Substância semaglutida, presente em medicamentos para emagrecimento, passa a ter reação adversa grave listada em bula
A Agência Nacional de Vigilância Sanitária (Anvisa) emitiu um alerta nesta semana sobre o risco raro de perda súbita de visão associado a medicamentos que contêm a substância semaglutida, como Ozempic, Rybelsus e Wegovy, amplamente utilizados para controle de diabetes tipo 2 e, mais recentemente, para emagrecimento.
A agência determinou que as bulas desses produtos passem a incluir como possível reação adversa a neuropatia óptica isquêmica anterior não arterítica — uma condição ocular grave, potencialmente irreversível, classificada como “muito rara”. A decisão baseia-se em avaliação do Comitê de Avaliação de Risco em Farmacovigilância da Agência Europeia de Medicamentos (EMA). No Brasil, o sistema VigiMed já contabilizou 52 notificações de distúrbios oculares suspeitos relacionados ao uso da substância.
Resposta da fabricante
Em nota oficial, a farmacêutica Novo Nordisk, responsável pelos três medicamentos, afirmou que a semaglutida foi estudada em programas clínicos robustos com mais de 52 mil voluntários, além de contar com dados de uso em larga escala que equivalem a 33 milhões de pacientes-ano. A empresa nega qualquer evidência de relação causal direta entre a semaglutida e o distúrbio visual grave. Mesmo assim, informou que foi notificada sobre a atualização da bula e que colabora com as autoridades reguladoras.
O que dizem os especialistas
Embora o alerta da Anvisa não implique suspensão do uso, ele acende um sinal de atenção, especialmente entre os que usam a medicação para emagrecimento. Para o professor Bradley Katz, do Departamento de Oftalmologia da Universidade de Utah e autor principal do estudo que gerou a recomendação, a pesquisa não foi desenhada para comprovar causa e efeito entre a semaglutida e os problemas oculares.
Já a Universidade de Buffalo, que também participou da investigação, destacou que os pacientes analisados tinham entre 50 e 60 anos e apresentavam comorbidades como diabetes, obesidade e doenças cardiovasculares — fatores que, por si só, elevam o risco de alterações na visão.

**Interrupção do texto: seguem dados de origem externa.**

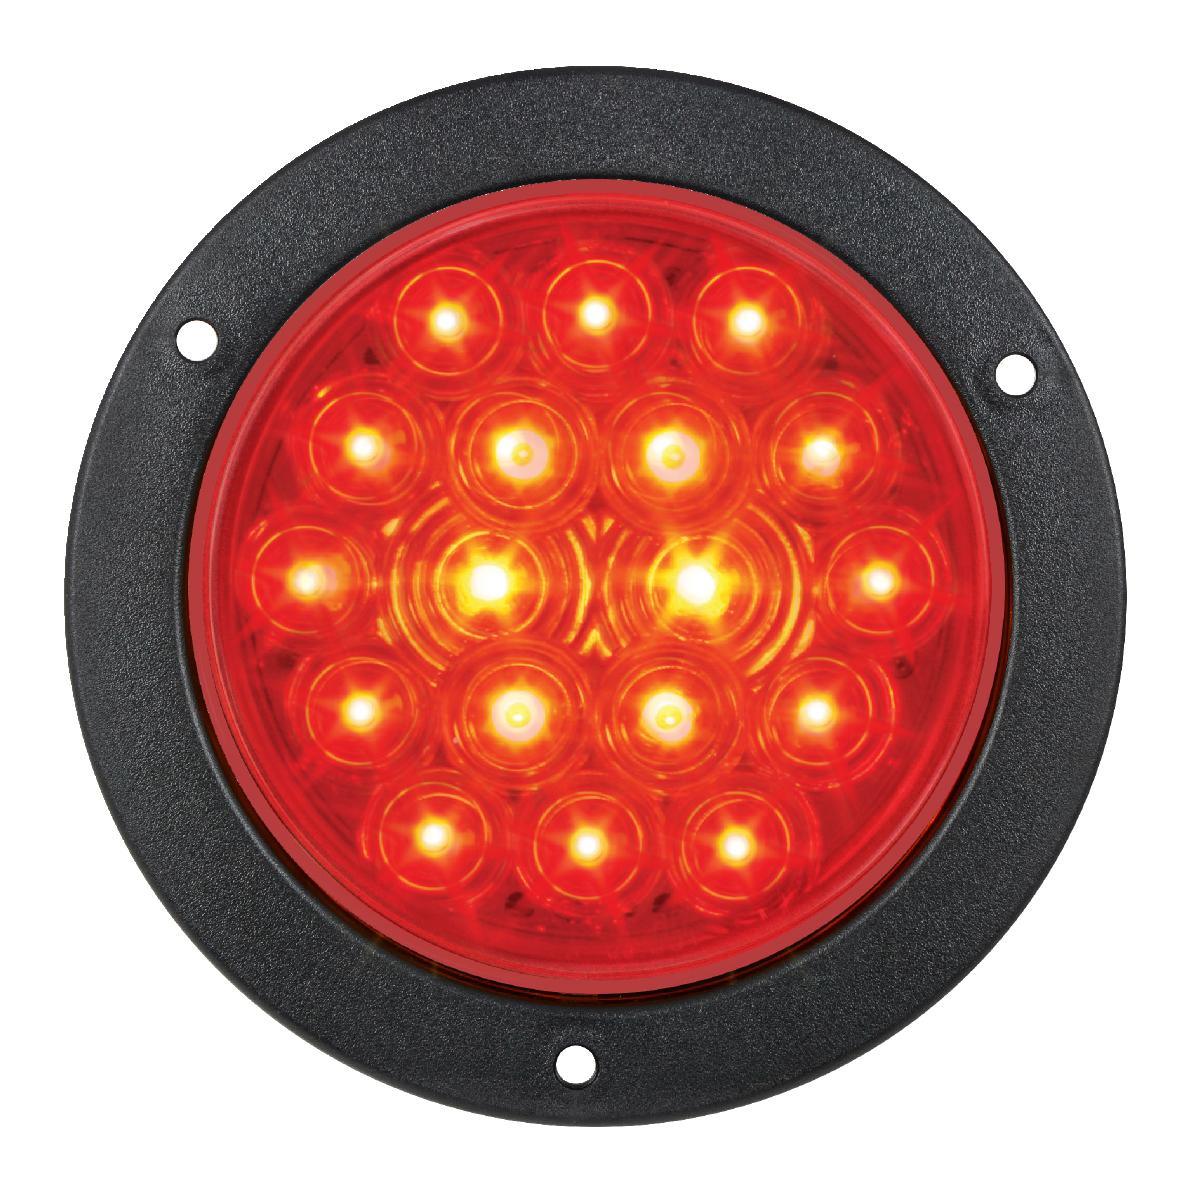 "75892 4"" Fleet LED Light with Black Flange Mount in 3 Wires"

O endocrinologista Carlos Eduardo Barra Couri, da Faculdade de Medicina de Ribeirão Preto da USP, acrescenta outro possível fator: a queda abrupta dos níveis de glicose promovida pelos medicamentos. “Há décadas sabemos que esse efeito pode aumentar o risco de reações oculares em pacientes com descontrole glicêmico severo”, afirmou em entrevista ao jornal O Estado de S. Paulo.
Para Couri, a realização de novos estudos específicos e bem controlados é essencial para avaliar os efeitos de longo prazo da semaglutida — e também da tirzepatida — sobre a saúde ocular. “Essa é a saída para explicar definitivamente o que está acontecendo”, concluiu.
Por ora, não há comprovação científica definitiva da relação entre o uso dos medicamentos e os danos visuais. Ainda assim, o alerta da Anvisa reforça a necessidade de acompanhamento médico rigoroso, especialmente no uso off-label das substâncias para fins estéticos.